━━━ Raw data

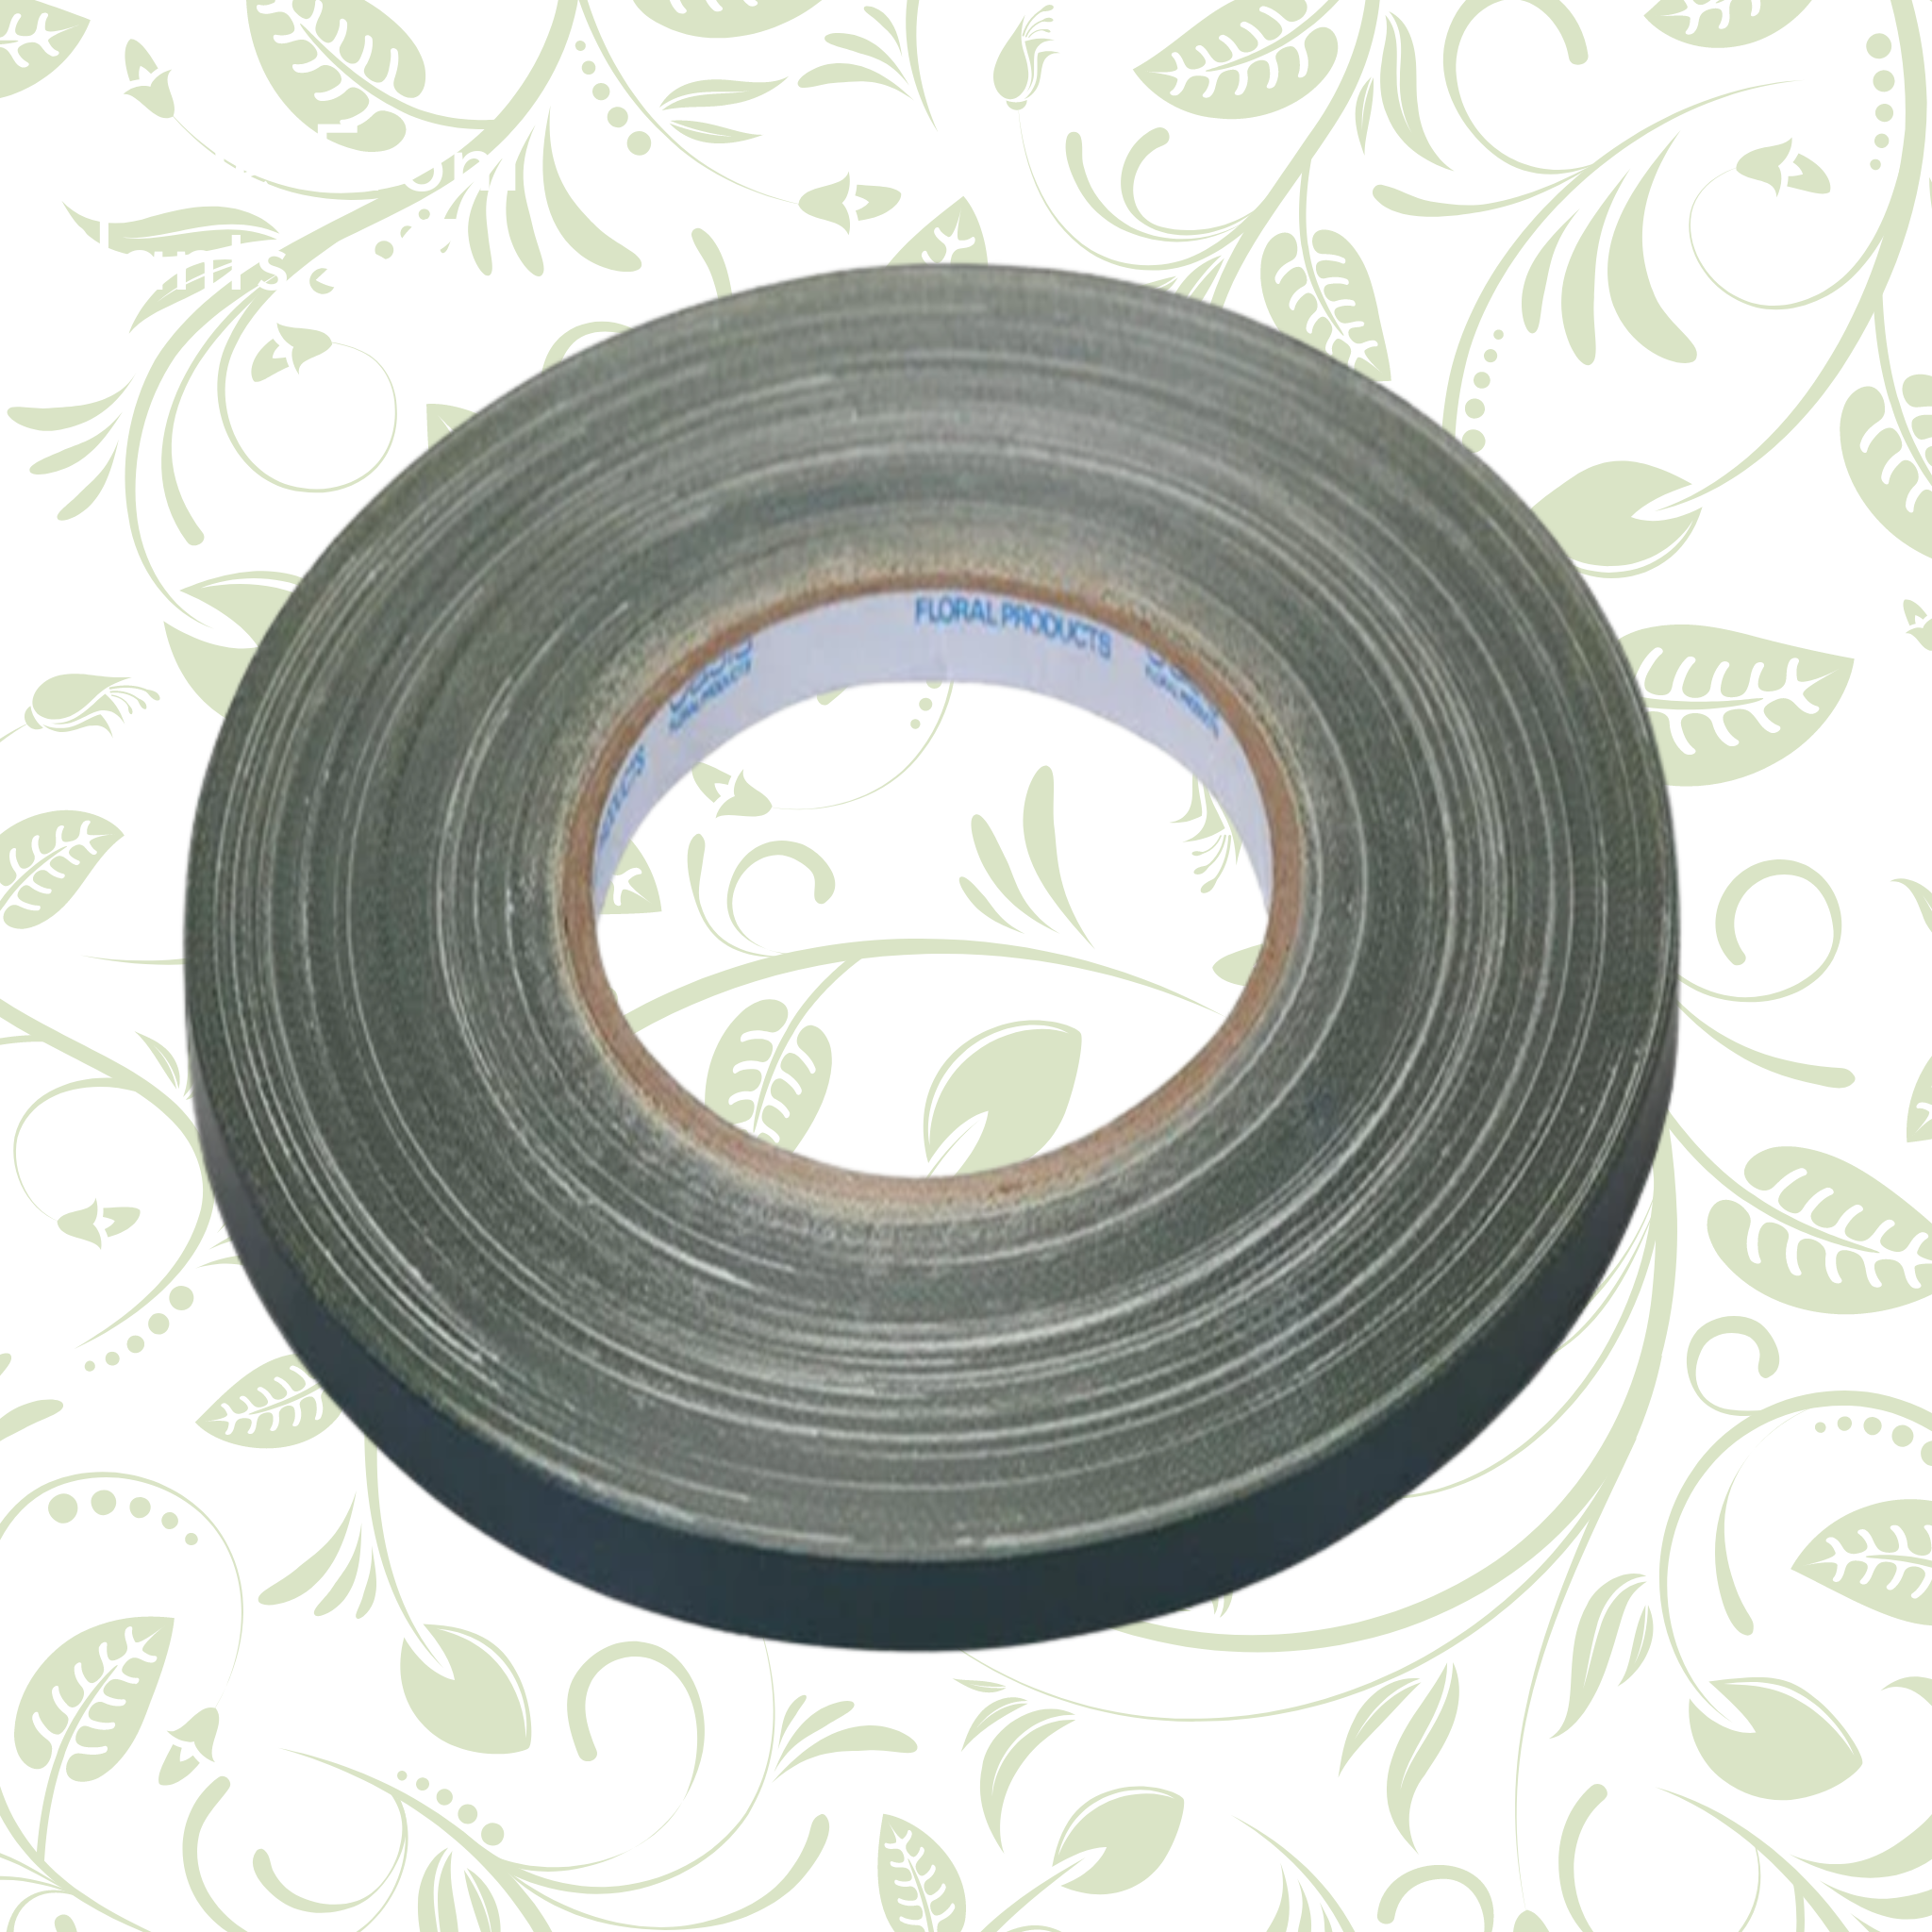 Anchoring Tape
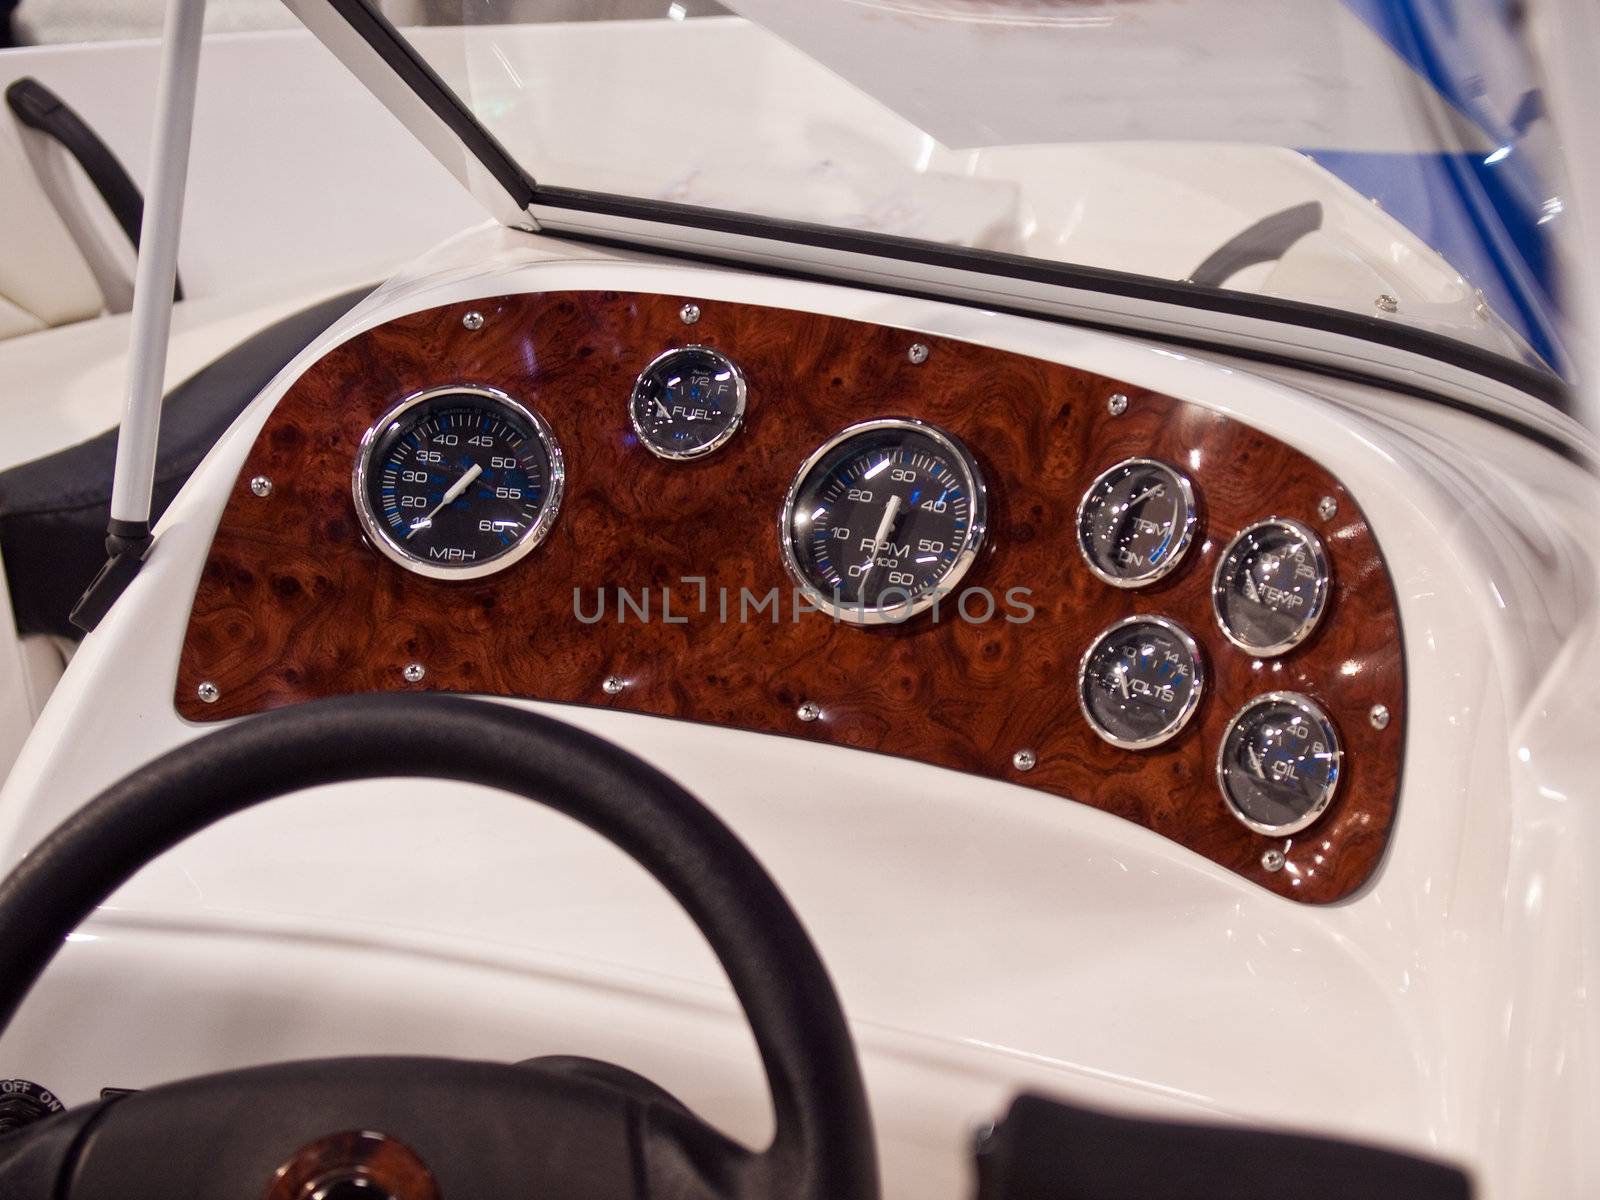 Dashboard instruments panel of a speedboat by Ronyzmbow
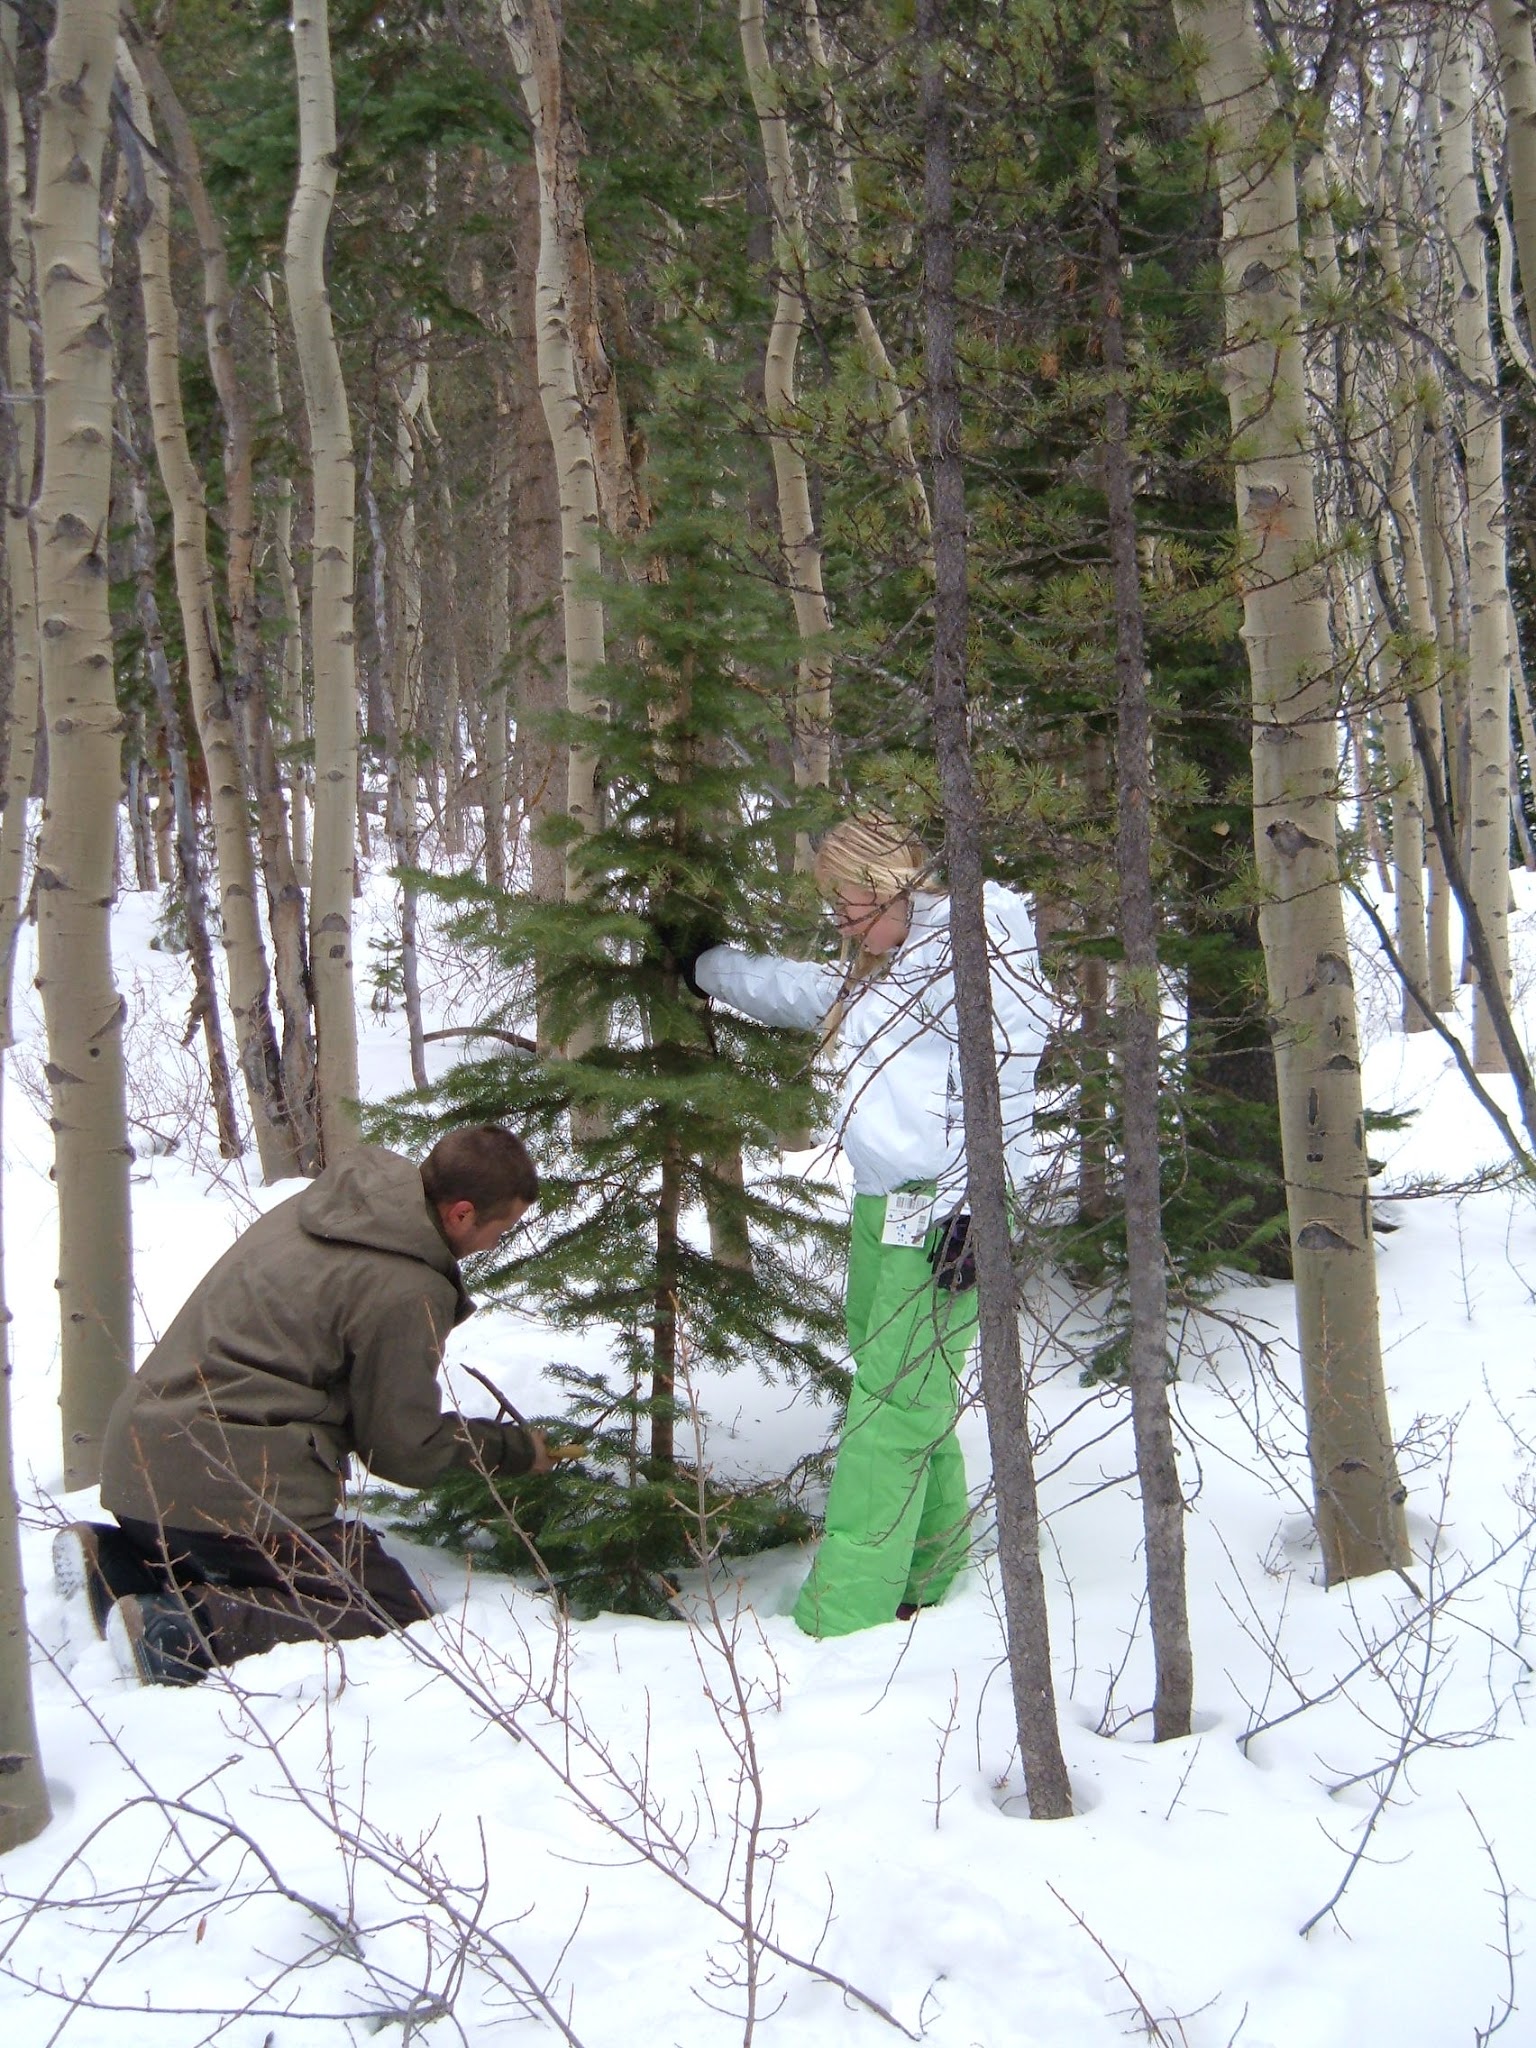 Two people cutting down a Christmas tree in the forest.

━━━━━━

Once the images are set aside, retype all of the material above exactly.

 Anchoring Tape
 Dashboard instruments panel of a speedboat by Ronyzmbow
 Two people cutting down a Christmas tree in the forest.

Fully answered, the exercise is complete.